I started applying humic acid last year (N-Ext products). I've probably applied about 10-12 applications and looks like I'm headed in the right direction. You can see my clay soil from my back yard (control) vs the darker soil from my front yard (experimental). I'm thinking about upping my applications to get faster results. 
Maybe I need to switch to a granular like Andersons Humic DG To get more pounds on the ground.

P.S. the grass has been loving all this rain in Northern Illinois


----------



## Chris LI (Oct 26, 2018)

I've used various humic products over the years and would suggest adding in an application of Humic DG to supplement the N-Ext products, instead of replacing them.

Most of my experience with humic in the past, was using Hydra Hume DG. I thought it was a decent product, and was able to get it for a good price.

Last year I started using Root Hume from SLS, and thought it was pretty good, but left particles in my sprayer (good thing I used a hose end sprayer).

Also, last summer, I got in on Doc's "buy" for Humic DG, and applied half the bag last summer or fall, with the remaining half this spring.
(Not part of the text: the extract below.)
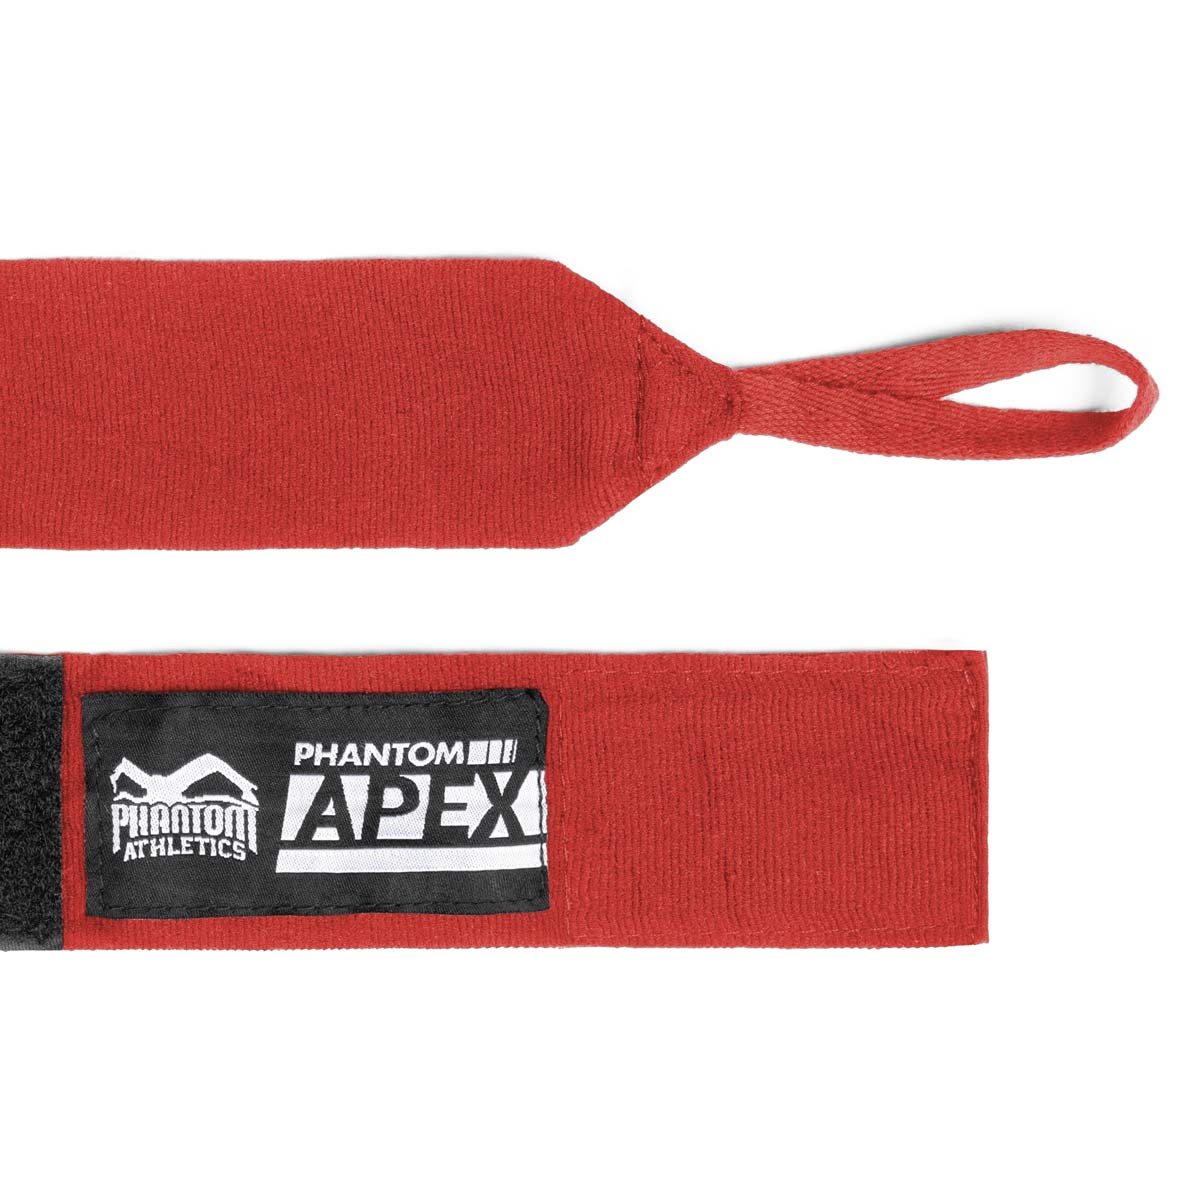 Phantom Boxbandagen für Kampfsport Training und Wettkampf. In der Farbe rot und in 2 verschiedenen Längen. Halbelastisch für maximalen Halt und Tragekomfort.

I like the product, and and the 70% concentration is helpful to get a lot more down in one application. I think it was helpful to get it down at that time to get things started for the season, since I was limiting spring N applications, and had done the fall N blitz. I wanted the heavy shot of humic to aid the response of the fall N blitz. I also think it breaks down more quickly than Hydra Hume DG, so there's less chance of mower pickup, if you're bagging.

I've only applied N-Ext products once (yesterday, actually), and had a great experience. I don't have any long term experience with it, but think that regular applications will "spoonfeed" humic, so to speak, and gradually change soil over time. It was also very easy to make a uniform application with the pump sprayer, and I hit bad spots a little heavier. With very small particle sizes, it should elicit a quicker response. I don't know for sure, but the N-Ext products seem to have a synergistic effect, and I presume they are formulated that way. As a N-Ext products user newbie, take my opinion with a grain of salt, but I've been doing some homework, before I spent a chuck of money on them.

...just my 2 cents.


----------